Insurance & Medical Terms
Simple explanations of words you might see in your insurance letters, bills, and coverage documents.
Medical Necessity
This means a treatment is needed to protect your health. Insurance companies use this phrase when deciding if they will pay for something. If they say it's not "medically necessary," they're saying they don't think you need it.
Step Therapy
This is when your insurance company makes you try cheaper treatments first before they'll pay for the one your doctor actually wants. You have to show the cheaper ones didn't work before they'll approve the next one.
Appeal
An appeal is when you ask your insurance company to change their mind after they said no. You write a letter explaining why you need the treatment, and they have to review it again.
External Review
If your insurance company still says no after your appeal, you can ask for an outside doctor (who doesn't work for your insurance) to look at your case. This outside review is required by law.
Formulary
This is the list of drugs your insurance plan will help pay for. If a drug is not on the formulary, your insurance might not cover it at all, or you might have to pay a lot more.
Deductible
This is the amount of money you have to pay out of your own pocket before your insurance starts helping. For example, if your deductible is $1,000, you pay the first $1,000 of medical bills yourself.
Copay
A copay is a fixed amount you pay each time you get a service, like $30 for a doctor visit. Your insurance pays the rest. The amount is set by your plan.
Coinsurance
Coinsurance is the percentage of a bill you pay after you've met your deductible. For example, if your coinsurance is 20%, you pay 20% and your insurance pays 80%.
Out-of-Pocket Maximum
This is the most you'll ever have to pay in one year. Once you hit this number, your insurance pays 100% of covered services for the rest of the year.

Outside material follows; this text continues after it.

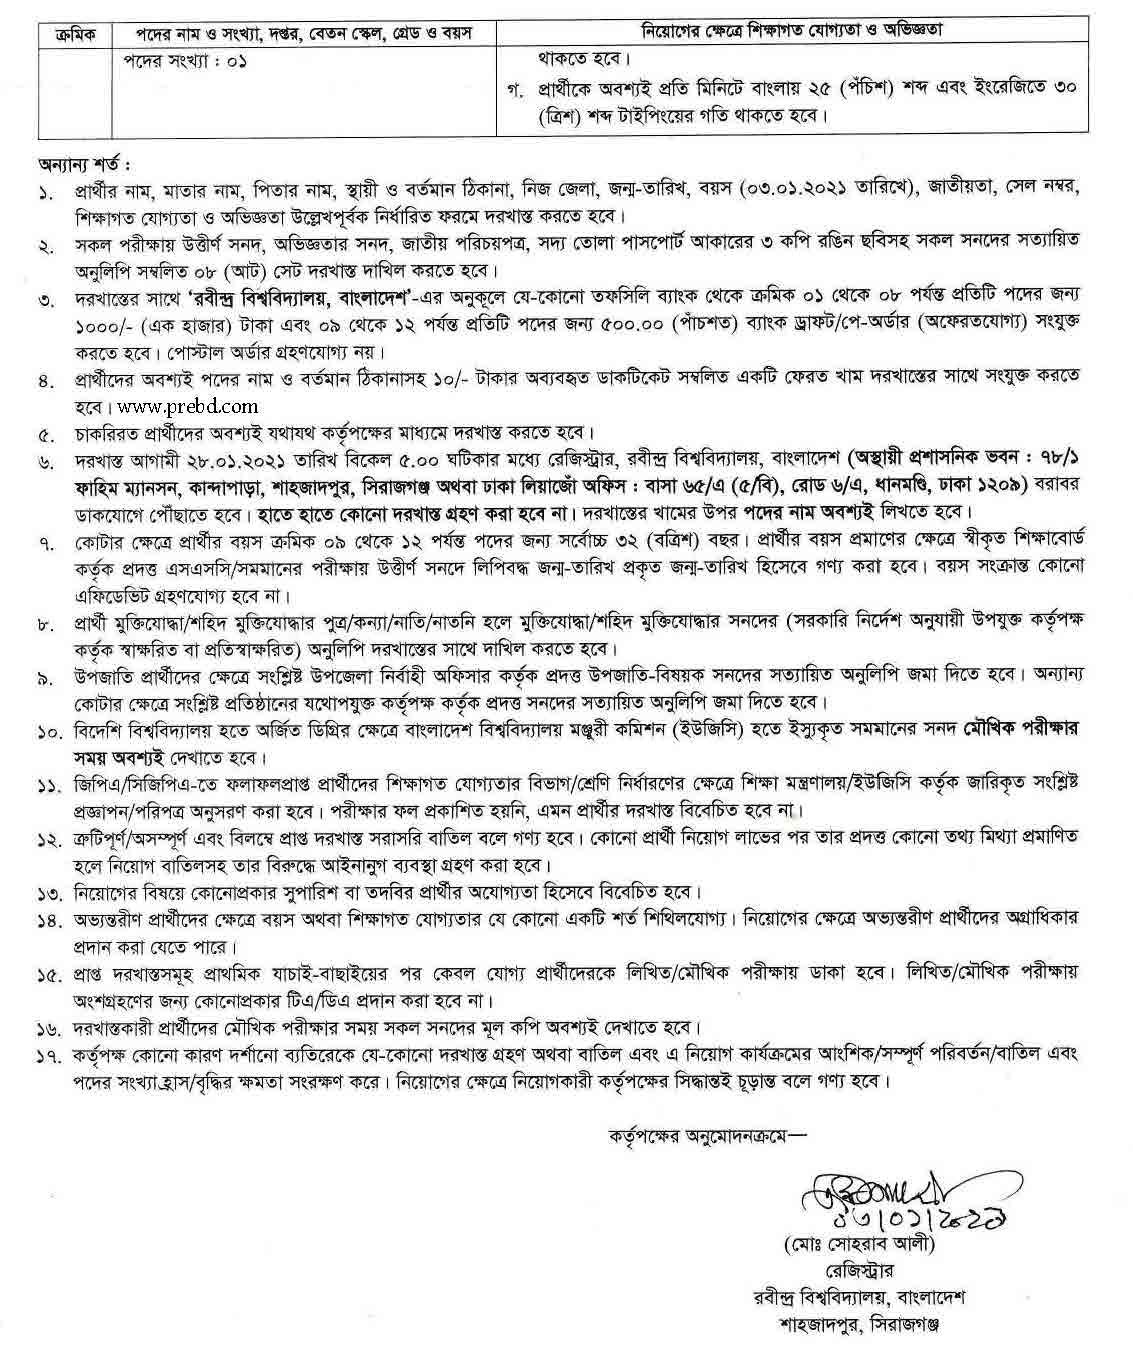 রবীন্দ্র বিশ্ববিদ্যালয়, বাংলাদেশ এ নিয়োগ বিজ্ঞপ্তি ২০২১ | www.rub.ac.bd Job circular 20211_Page_3.jpg

PBM (Pharmacy Benefit Manager)
A PBM is a company that manages which drugs your insurance covers and how much they cost. They work behind the scenes between your insurance company, your pharmacy, and the drug makers.
Utilization Management
This is how insurance companies decide if a treatment is needed and if they should pay for it. Prior authorization, step therapy, and reviews are all part of this process.
Peer-to-Peer Review
This is when your doctor talks directly with an insurance company doctor to explain why you need a treatment. It usually happens after insurance says no, and your doctor wants to make the case in person.
Letter of Medical Necessity
This is a letter your doctor writes explaining why you need a specific treatment. It tells the insurance company about your health history and why other treatments won't work for you.
EOB (Explanation of Benefits)
This is a paper or email your insurance sends after you get a service. It shows what was billed, what insurance paid, and what you still owe. It's not a bill — it's a summary.